Kenya’s anti-LGBT+ ‘moral policeman’ is bending over backwards arguing against the Pope’s support of same-sex couples
The CEO of the Kenya Film Classifications Board (KFCB), known as the country’s “moral policeman”, has insisted that Pope Francis must have been misquoted when spoke out in support of gay couples.
The 83-year-old Pope Francis made a major break from Catholic teachings in an interview for the documentary Francesco, which premiered on Wednesday (21 October).
The pontiff said: “Homosexuals have a right to be a part of the family. They’re children of God and have a right to a family. Nobody should be thrown out, or be made miserable because of it.”
He added: “What we have to create is a civil union law. That way they are legally covered. I stood up for that.”
The comments made by the Pope were both celebrated and attacked around the world, but now Ezekiel Mutua, the anti-LGBT+ “moral policeman” in Kenya, has questioned whether they happened at all.
Mutua is a devout Christian whose job is to censor films, songs, and TV adverts in Kenya that he considers to be offensive.
He and the KFCB were responsible for banning the film Rafiki, an award-winning Kenyan film directed by Wanuri Kahiu which tells a lesbian love story, on the grounds that it would encourage “moral decay”.
In a Facebook post Saturday (October 24), Mutua wrote: “I honestly do not believe that Pope Francis meant to endorse same-sex marriage, but if he did, then he’s grossly wrong and his advice should be ignored.
“I believe his statement was in the context of ‘gay human rights’ but not the practice of homosexuality. There’s a difference between human rights and homosexuality as a concept.
“A leader of the stature of the Pope cannot endorse what’s clearly against the order of nature and God’s plan for family and procreation.”

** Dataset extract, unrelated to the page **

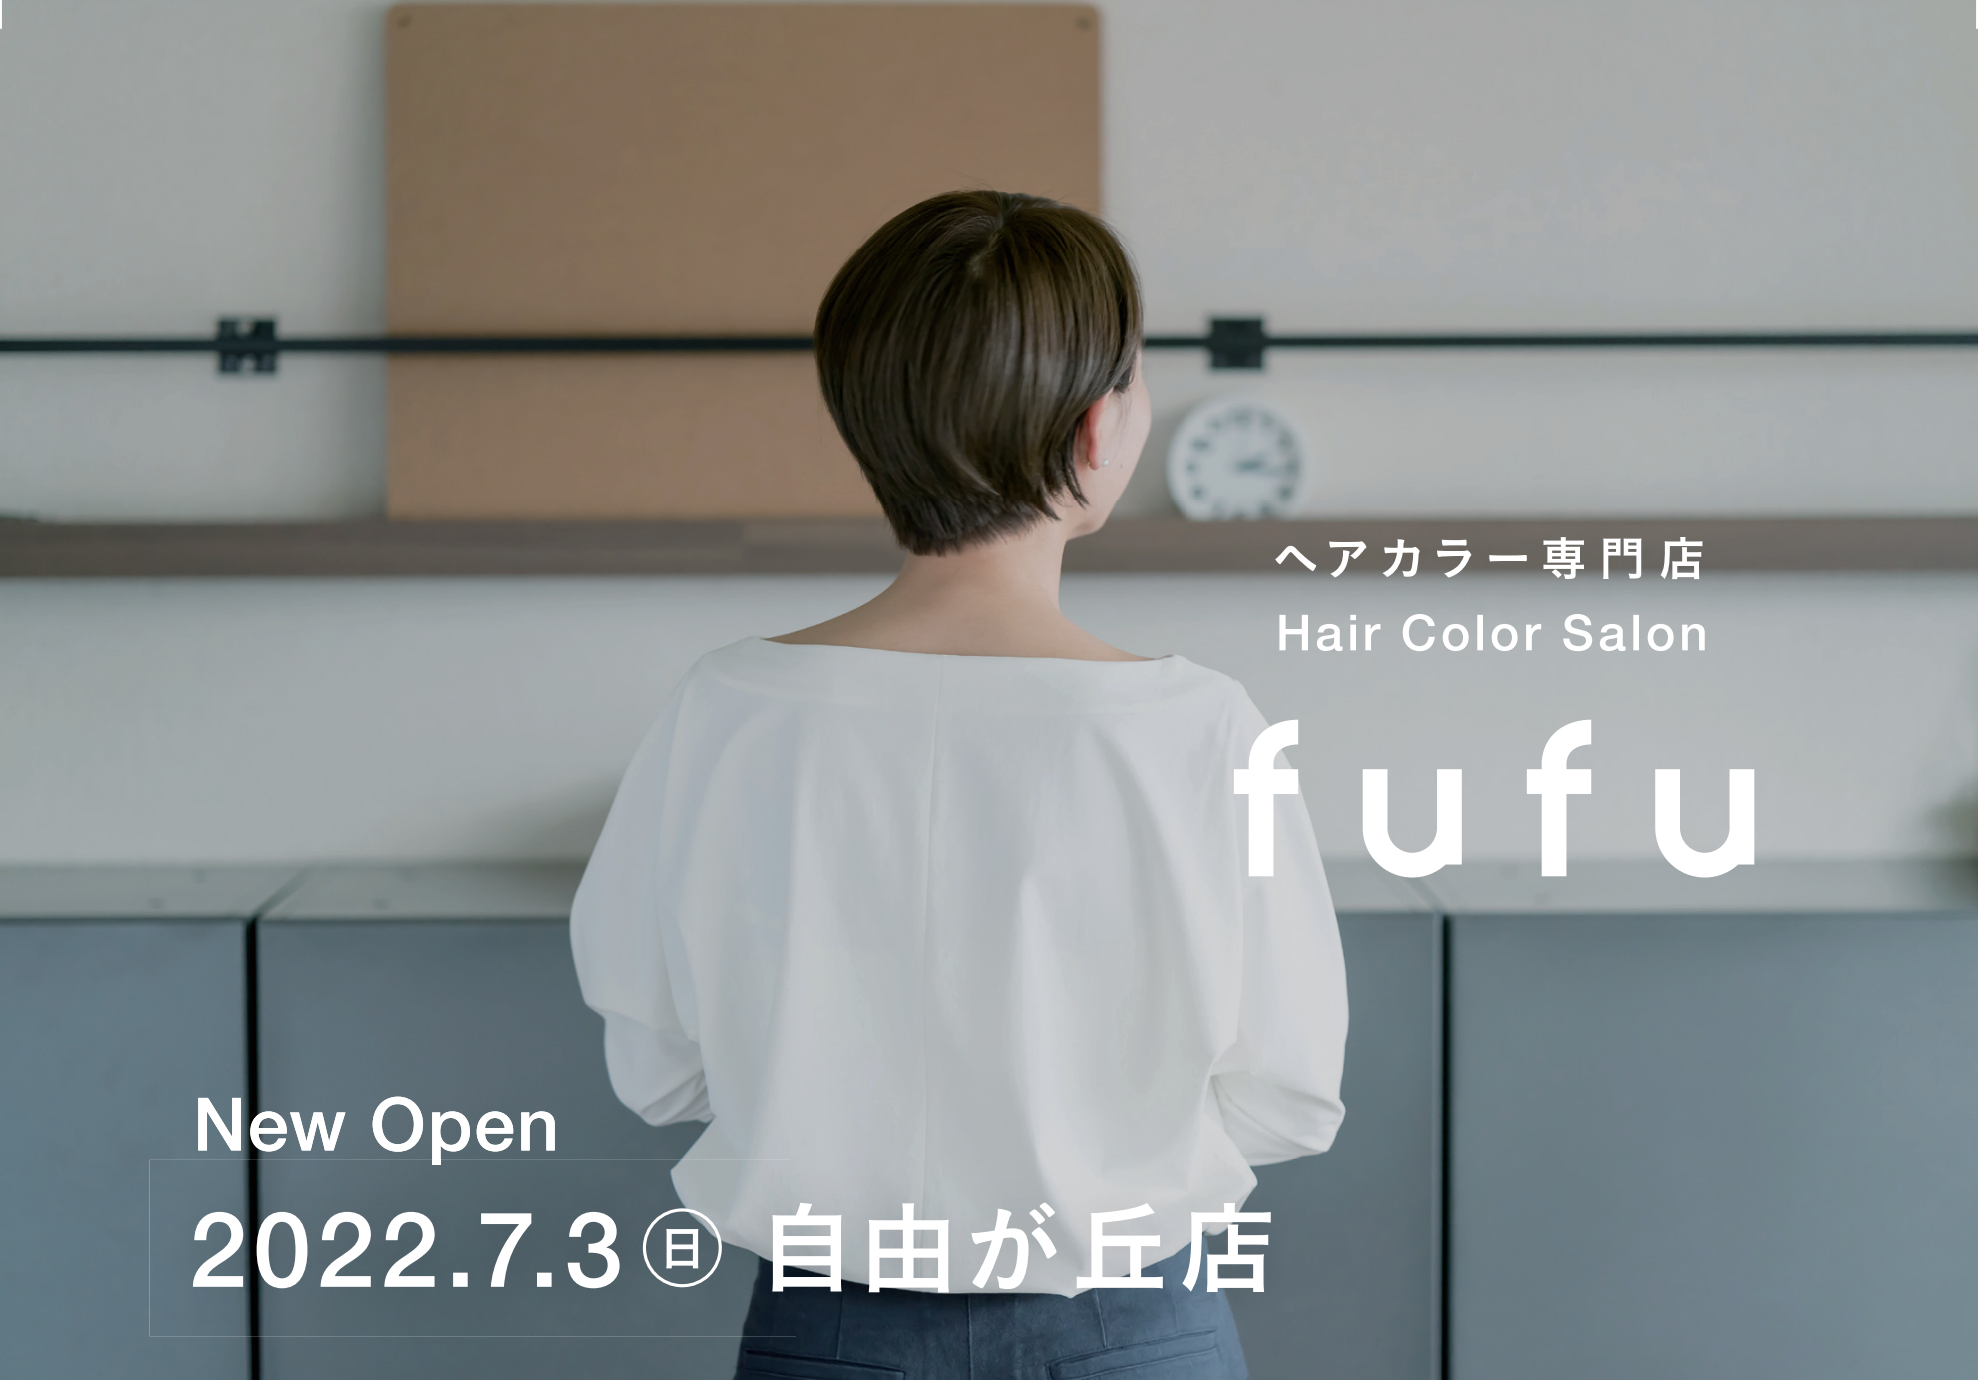 新fufu誕生。fufuブランドのサービス価値を強化し、より一層選ばれる

“If he did, he should be condemned and his statement taken with a pinch of salt. Homosexuality is outright illegal in Kenya and even from common-sense point of view, wrong.
“While we cannot deny the existence of homosexuals, we must never promote the behaviour as a way of life.”
Mutua said that being gay was not “normal behaviour”, and that the Pope supporting same-sex couples was “heresy and perversion of men”.
He added: “That’s why at KFCB we ban films or content that glamorizes, glorifies or normalizes homosexuality.
“We do not hate gay people, but the practice is wrong and against our culture and values.”
Last year, Kenya’s high court ruled to uphold a colonial-era law criminalised “sodomy”.
It was hoped that a positive verdict would have opened the floodgates for the repeal of similar legislation in other countries in Africa, where homosexuality is still illegal in more than half of continent’s 54 nations.